A year before the massacre, some junior army officers sacked the First Republic government of Nigeria through a failed bloody coup. One thing leading to another, few prominent Northern leaders were killed, and a military government was enthroned - the then Nigeria's Prime Minister, two Premiers, politicians and top ranking soldiers were killed, and that coup later led to that civil war of 1967-1970. The northerners termed that coup an Igbo one, despite the fact that the officers who carried it out came from all parts of Nigeria. The leader of that coup was Major Kaduna Nzeogwu, and was from Asaba. The massacre was a payback for Asaba for producing Nzeogwu who led the coup that killed some northern leaders.

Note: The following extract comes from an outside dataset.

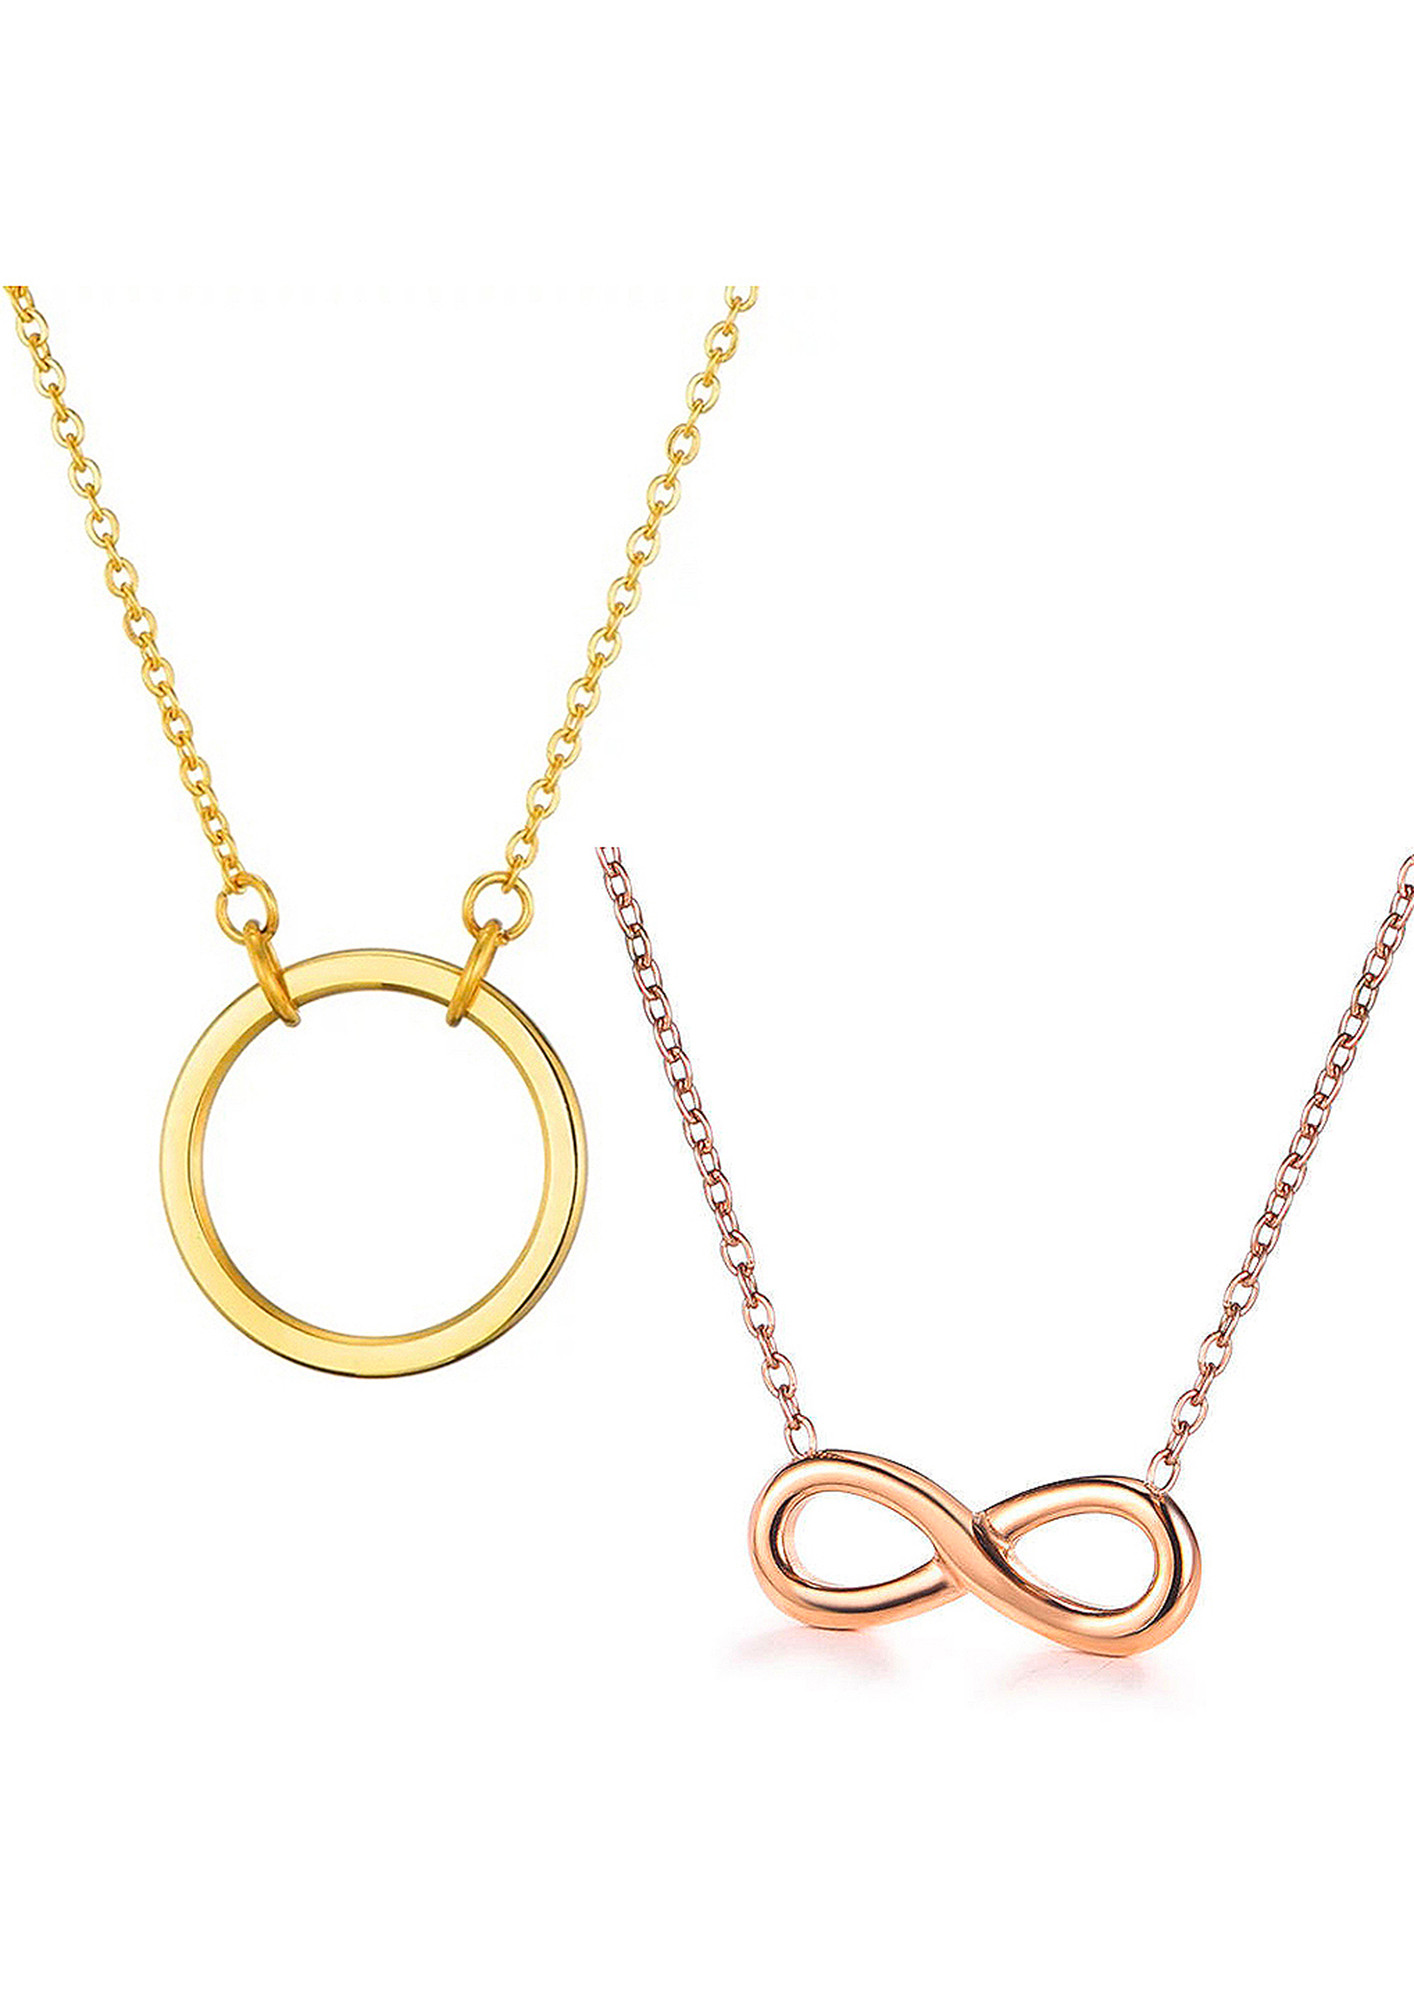 Rose Gold & Double Circle Necklace with Simulated Diamonds

Muritala Mohammed; as a military officer; civil war commander; and head of state was a fiend incarnate; unfortunately, people didn't know or see how devilish he was, before he went the way of those he sent to their early graves. Tell me why Asaba people should be singled out for elimination, because Kaduna Nzeogwu was from there? Afterall, Dimka or Orka's respective towns or people were not sequestered for elimination after their own failed coups.

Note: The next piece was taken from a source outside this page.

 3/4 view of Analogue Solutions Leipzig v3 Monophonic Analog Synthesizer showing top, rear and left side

In 2013, I wrote: The five majors, and their co-conspirators, decided to overthrow the civilian government of Tafawa Balewa because of corruption. Although the coup plotters had good intentions for Nigeria, but, this writer sees no justification for that coup or the other ones after it anyway, so the putsch shouldn't have happened, as it set Nigeria back, and it was misconstrued to be an Igbo coup, when it was meant to release Awolowo from Calabar prison and install him as the prime minister.
On Saturday, August 15, 2015, I wrote: The five majors, and their co-conspirators, who carried out the first coup knew then that the foundation of Nigeria was shaky and decided to strike in order to stop the country from going off the cliff, but, things failed to work out as planned for them. In an interview, granted to Dennis Ejindu in May 1967, which took place just before the start of the civil war, Major Chukwuma Kaduna Nzeogwu said "As you know there is too much bitterness at present in the country, and in the past people had imagined that they could conveniently do without one another".
The 1966 coup had good intentions, but, along the line things went wrong with
the execution due to betrayal. What the 5 majors, and their other colleagues who took part in the coup, saw and abhorred then, pales into insignificance when compared with what the politicians and government officials of today are doing.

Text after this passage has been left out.